Objectives: Pediatric functional constipation is common; effective, easily administered treatment options are limited. Lubiprostone is an oral chloride channel protein-2 activator that stimulates gastrointestinal fluid secretion, softens stools, and facilitates bowel movements (BMs). We evaluated the safety and effectiveness of lubiprostone in children and adolescents with functional constipation.
Methods: Patients ≥12 kg, 17 years or younger, and with <3 spontaneous BMs (SBMs; ie, BMs that did not occur within 24 hours of rescue medication use) per week were enrolled at 22 US general pediatric and pediatric gastroenterology centers (January 2007–October 2008). Patients received 4 weeks of open-label lubiprostone at doses of 12 μg once daily (QD), 12 μg twice daily (BID), or 24 μg BID based on age and weight. The primary endpoint was SBM frequency during week 1 versus baseline.
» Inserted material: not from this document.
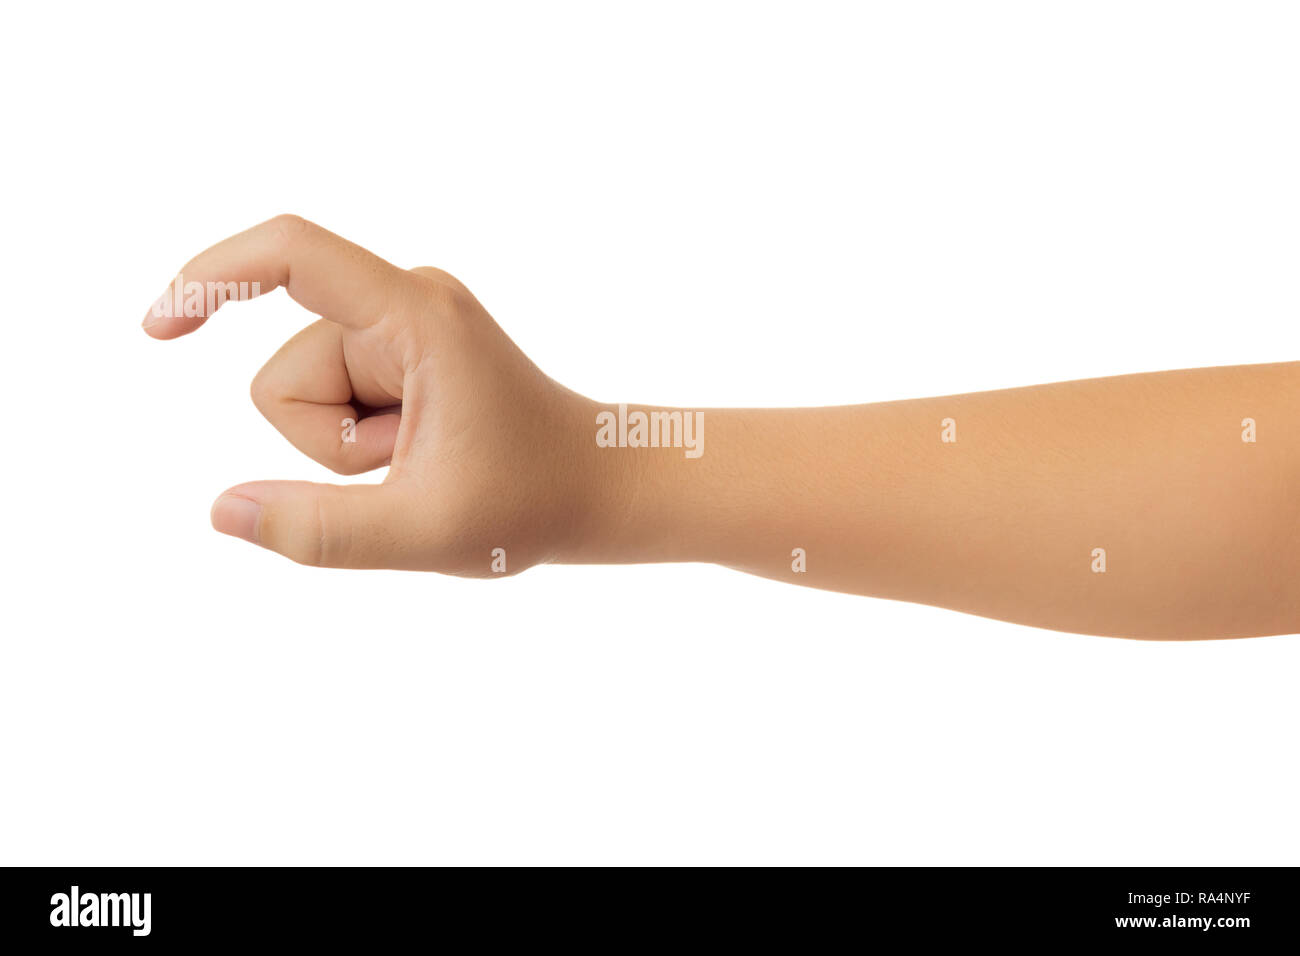 Human hand in reach out one's hand and picking gesture isolate on white background with clipping path, High resolution and low contrast for retouch or Stock Photo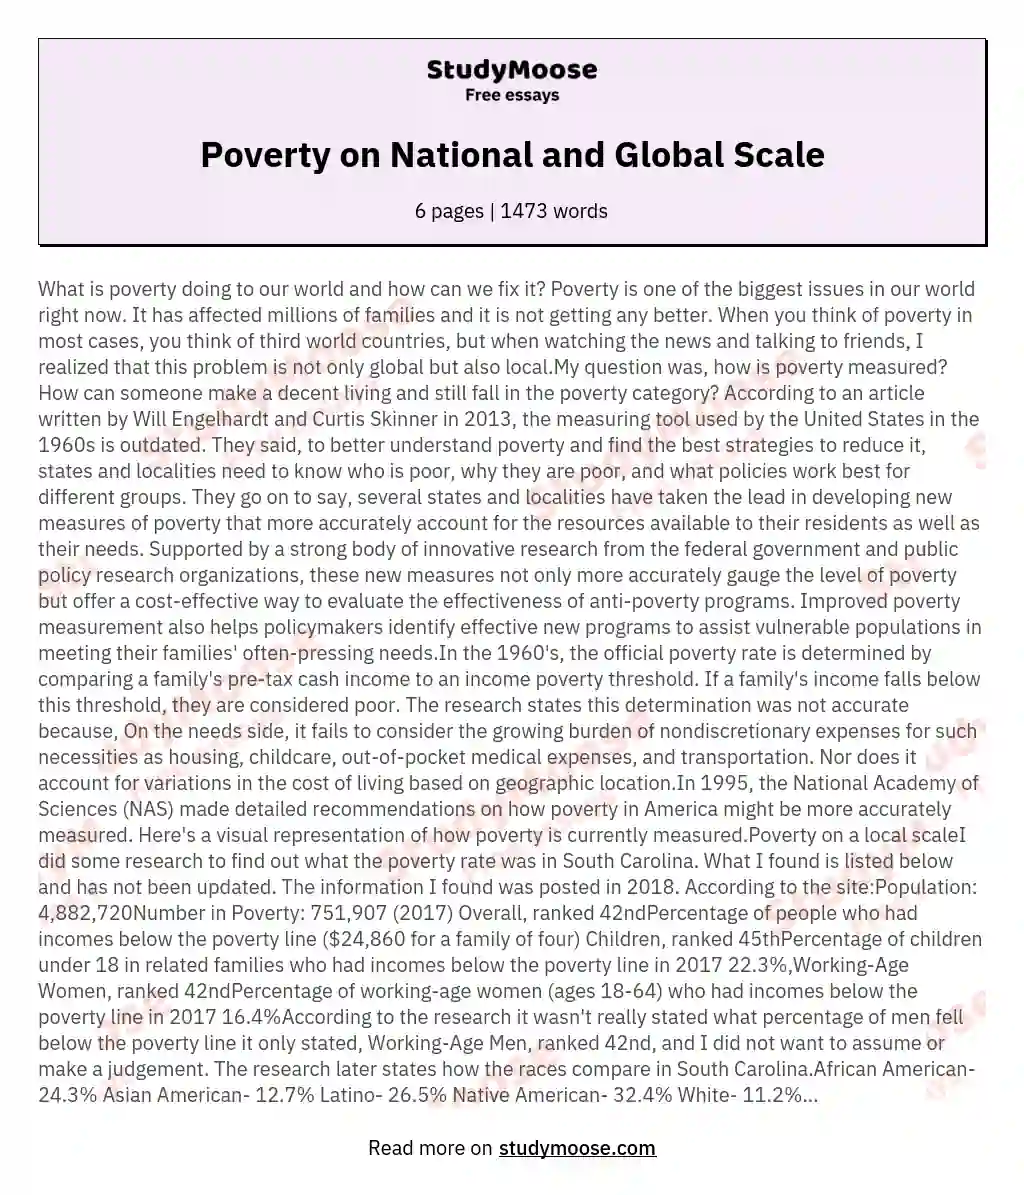 Poverty on National and Global Scale essay

Results: Of 127 enrolled patients, 124 were treated and analyzed (12 μg QD, n = 27; 12 μg BID, n = 65; 24 μg BID, n = 32), and 109 completed the study. The mean age of treated patients was 10.2 years (range 3−17 years); 65 were boys. Mean SBM frequency significantly increased compared with baseline at week 1 (3.1 vs 1.5 SBMs/week, P < 0.0001). SBM frequency was improved significantly from baseline overall (P < 0.0001) and for individual dose groups (P ≤ 0.0062) during weeks 2, 3, and 4. Common (≥5%) adverse events included nausea (18.5%), vomiting (12.1%), diarrhea (8.1%), abdominal pain (7.3%), and headache (5.6%). Two patients experienced serious adverse events (unrelated abdominal pain; unrelated sickle cell crisis).
Conclusions: Lubiprostone was efficacious and well tolerated in children and adolescents with functional constipation.